ACC Championships Pulled From NC
- Kevin Kapral
- Oct 13, 2016
- 2 min read

The Atlantic Coast Conference, one of the “power five” conferences in the NCAA, has announced it is withdrawing all neutral sited conference championship games from the state. These championships (7 in all), were pulled by the ACC following the upholding of the controversial North Carolina House Bill #2 law. Most notably of these championships is the 2016 ACC Football Championship that was originally intended to be hosted in Charlotte. Officials predict these games alone would have brought the state over 20 million dollars in revenue.

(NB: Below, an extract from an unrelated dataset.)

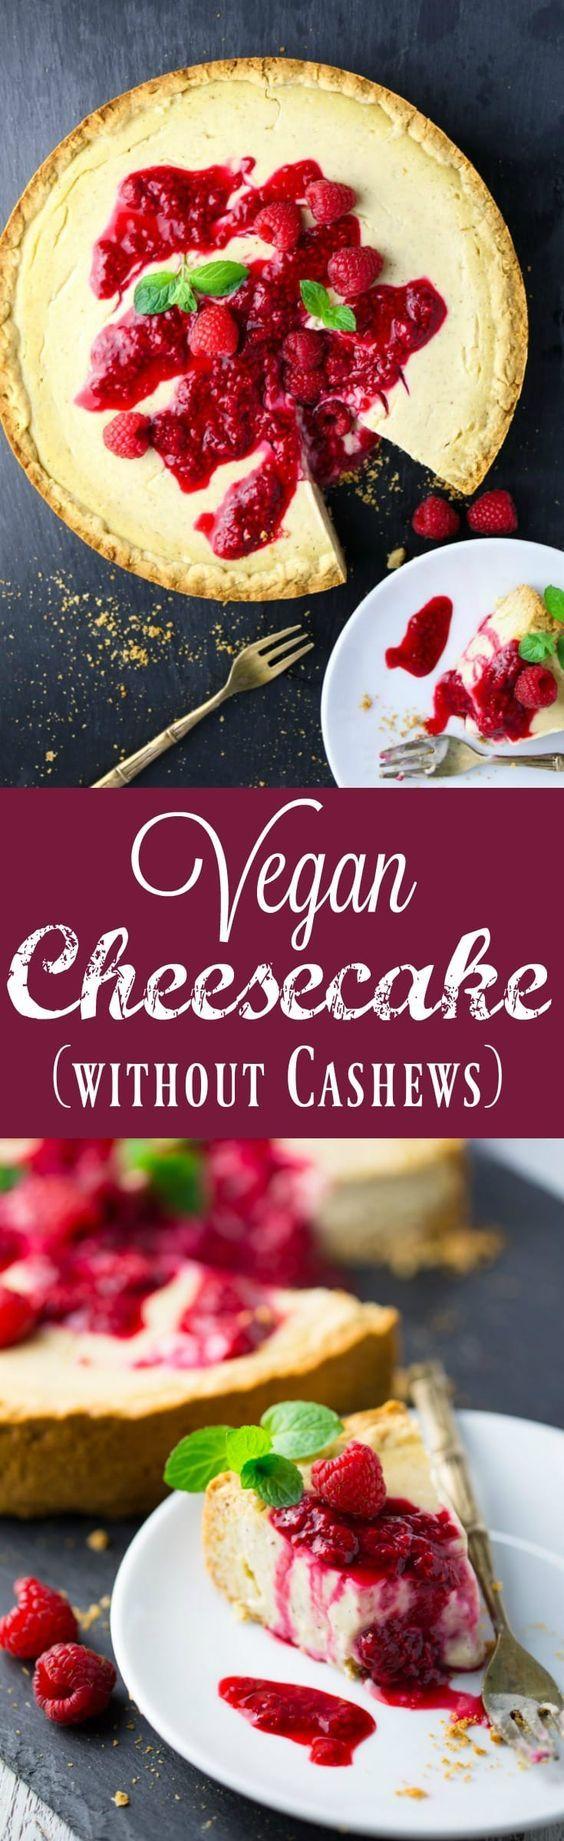 Vegan Cheesecake (without Cashews) - vanilla soy yogurt was used in this recipe.
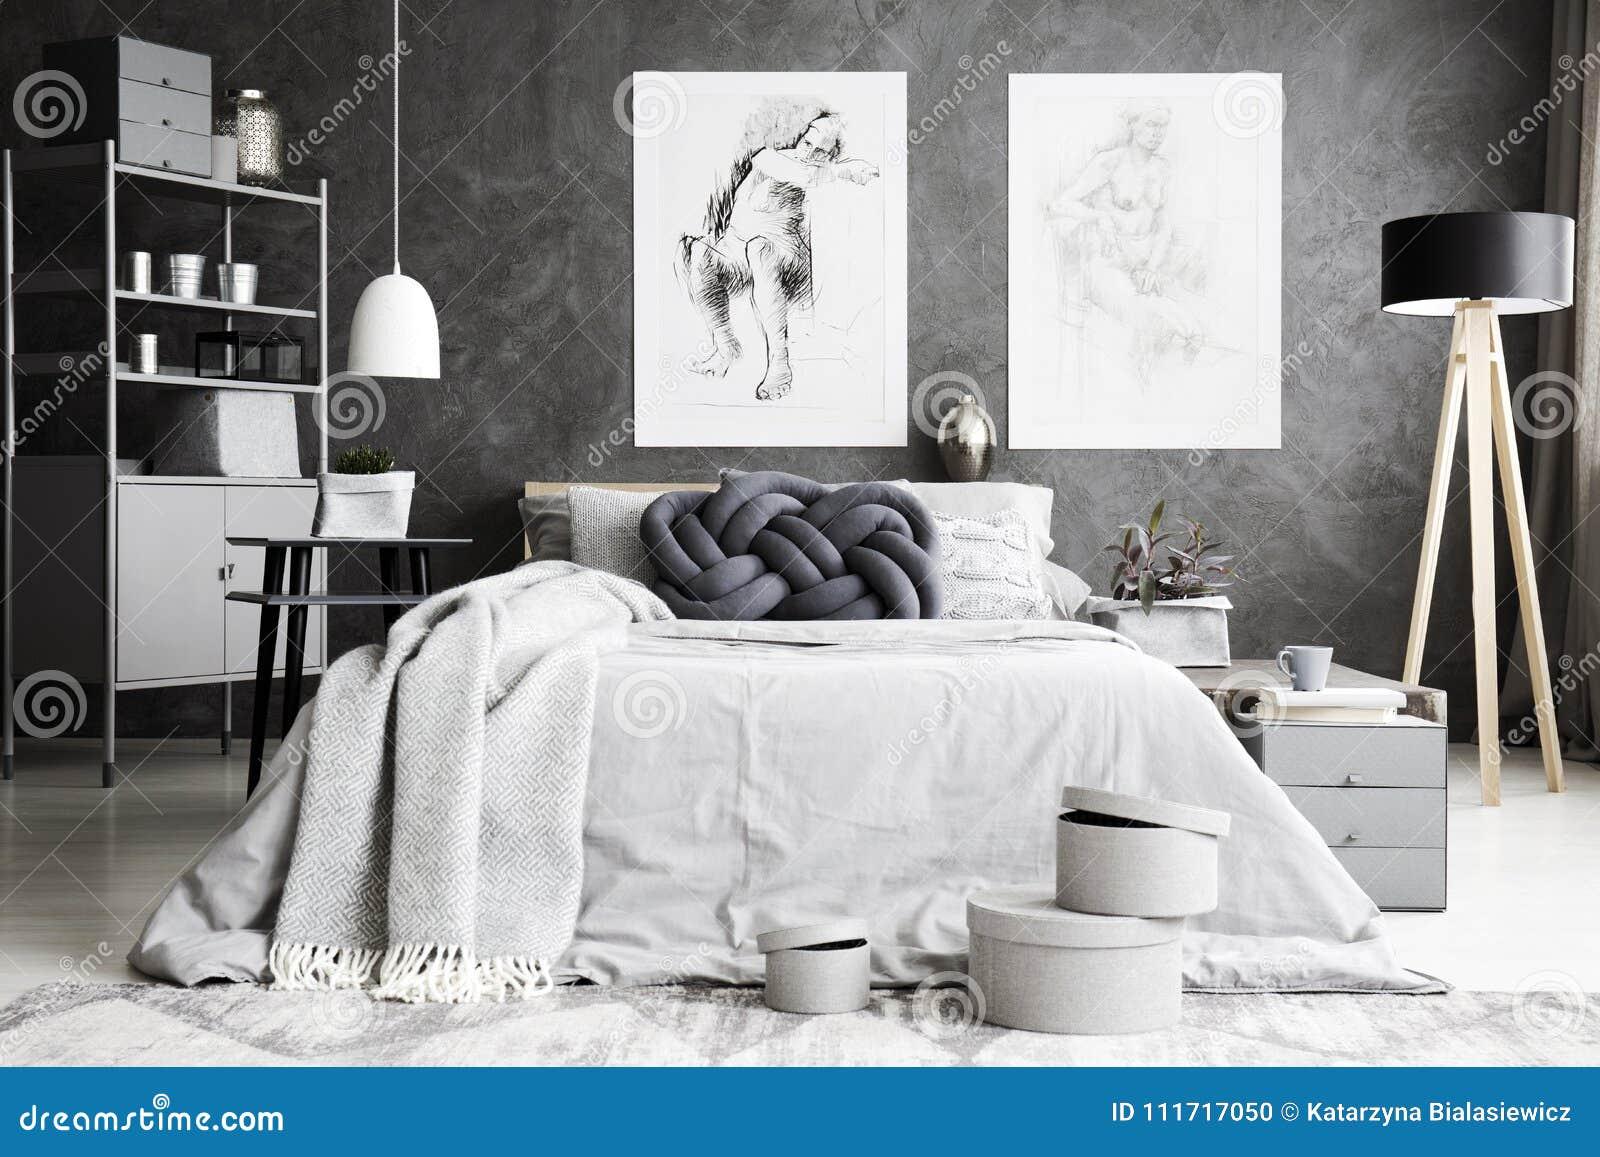 Handmade cushion on bed

These events follow the NCAA and NBA in pulling national championship related games and the 2016 NBA All Star game. All of these lost sporting events have erased what would have been over 100 million dollars in state revenue. The withdrawals have not been limited to sports either, as companies such as Paypal and Google have withdrawn plans that would have expanded their companies into North Carolina.
The source of the controversy surround the state’s House Bill #2 bathroom law; the law prohibits transgender people from using the public bathroom of the gender they identify themselves with. Some people have labeled the law as discriminatory against the LGBT community. ACC Commissioner John Swofford quoted that “... the opposition to any form of discrimination is paramount.”
This decision is especially news breaking, as the ACC is actually based out of Greensboro, NC. Four schools in North Carolina are part of the Atlantic Coast Conference. Now that the ACC has pulled its championships out of the state, people fear that other small conferences such as the Southern Conference might pull its championships away next. Most feared, however, is that these effects will be felt long after HB2 has been repealed.